Shortly after new Minister of Public Enterprises, Lynne Brown, read Eskom Generation the riot act at the 2014 Eskom financial results presentation on July 11 2014, there are signs that a significant shake-up is on the cards at Eskom.
Mike Rossouw, former general manager, engineering, at Richards Bay Minerals, group executive strategy and risk at Impala Platinum, executive director at Xstrata Alloys and then executive director, power, at Hatch South Africa, has moved to Eskom as “energy thought leader”, with the role of “accelerating the recovery of Eskom’s generation fleet capacity and reliability”.
In order to be independent of industry players, Rossouw has resigned as a director of Hatch South Africa, and now has an employment contract directly with Eskom, where he reports to the current acting Eskom CEO, Collin Matjila. Rossouw was on the board of the National Energy Regulator of South Africa (Nersa) from about 1999 to 2004, at a time when Matjila was chairman of Nersa.
It is understood that Rossouw will be assisting and supporting Matjila, and the still to be appointed new CEO of Eskom, on strategic, technical and engineering issues facing Eskom Generation, and indeed the wider Eskom group.

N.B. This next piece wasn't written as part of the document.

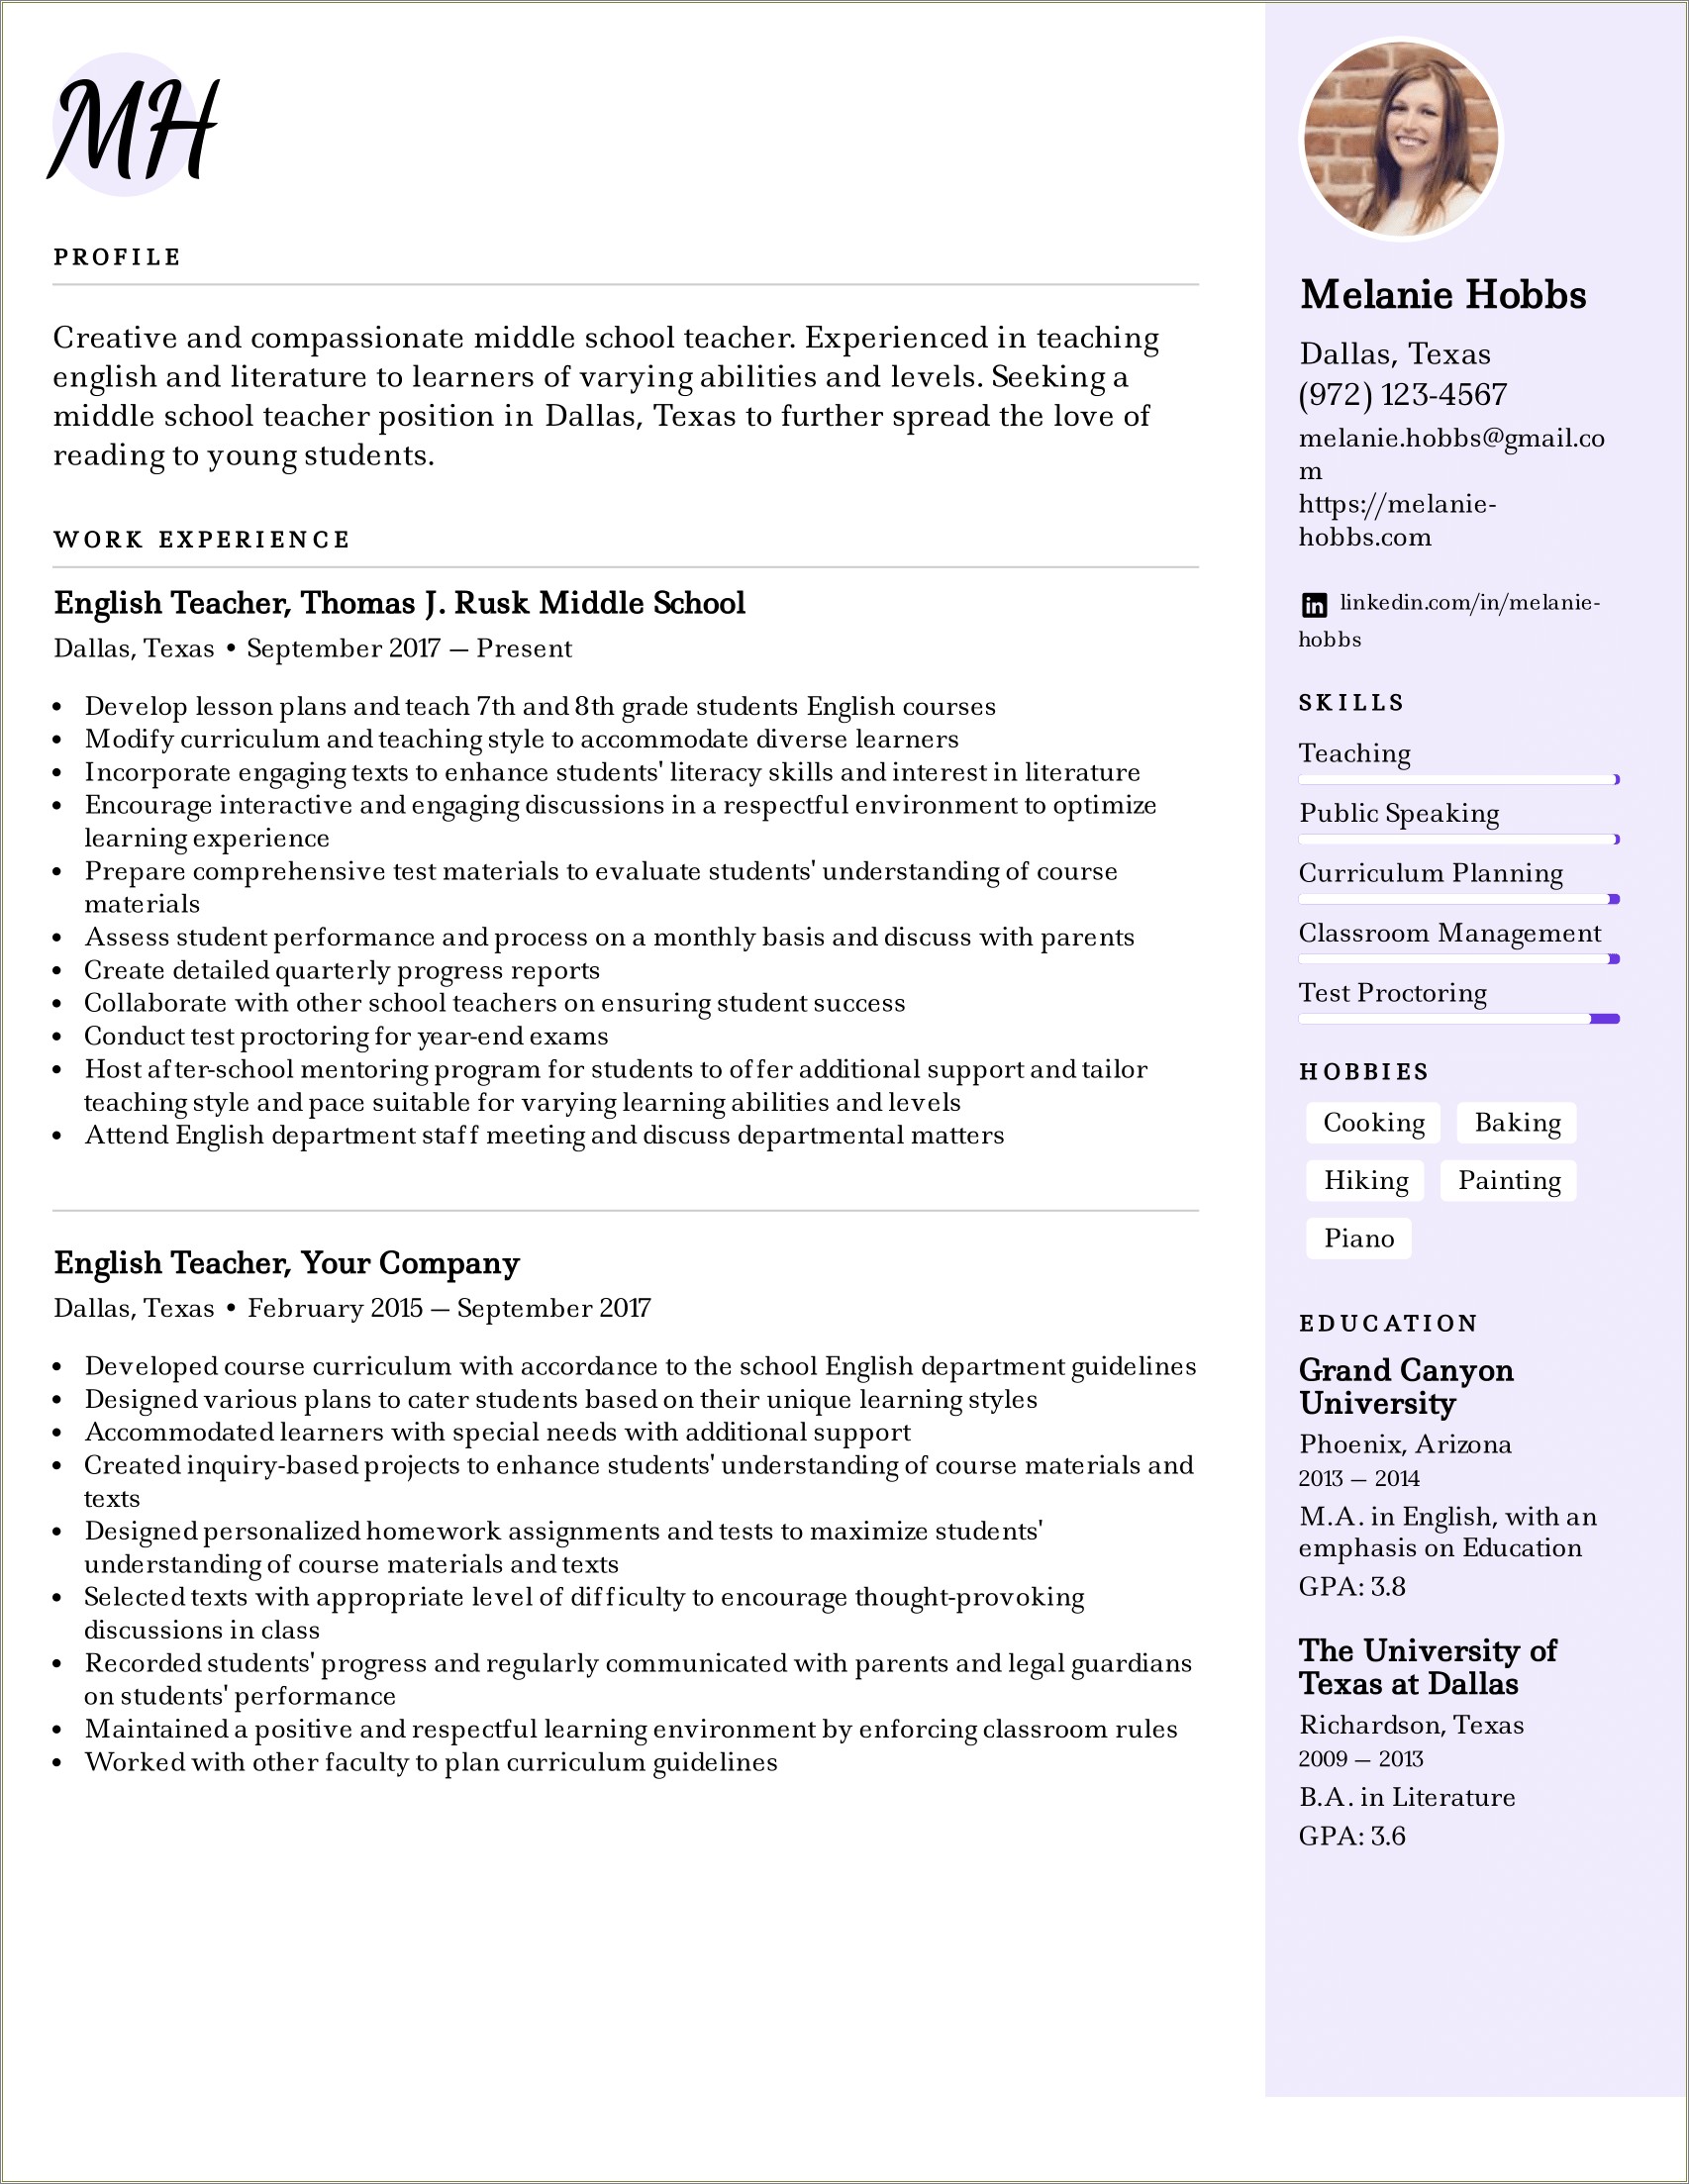 printable-resume-template-for-high-school-students-resume-example-gallery

While a director of Xstrata Alloys in South Africa, Rossouw served as chairman of the Energy Intensive User Group (EIUG) for several years, during which time he was also chairman of the National Emergency Response Team (Nert) after the 2008 Eskom blackouts, and programme manager of the working group that drafted the Integrated Resource Plan for Electricity IRP 2010–2030 for the Department of Energy (DoE).
At the Eskom financial results presentation, the Minister of Public Enterprises said that only 57% of Eskom’s performance targets had been met, that she was tired of the rhetoric, and that Eskom needs to stop the decline in generation performance, think outside the box and do something extraordinary.
Then at the budget vote speech to Parliament on July 16 2014, the minister said that state-owned companies like Eskom “must simply get the basics right”, and that their boards and management must be “paragons of strong, visionary and strategic leadership, cutting edge business practices, innovation and exemplary governance”.
She added that “resolving the challenge of shifting this country to a situation in which we have ample reserves of affordable and reliable electricity is a very high priority”.
She went on further to say that a sustainable funding framework that is independent of the fiscus is required, and that this framework must attract private sector funding and guarantee a reasonable return on assets, while allowing space for government to leverage the build programme for better developmental outcomes.
The above statements by the new Minister of Public Enterprises, together with those by new energy minister, Tina Joemat-Pettersson (here and here), and the appointment of Mike Rossouw reporting to the acting Eskom CEO, appear to indicate that a shake-up is on the cards as part of a new urgency in addressing the severe problems facing the electricity supply industry in South Africa.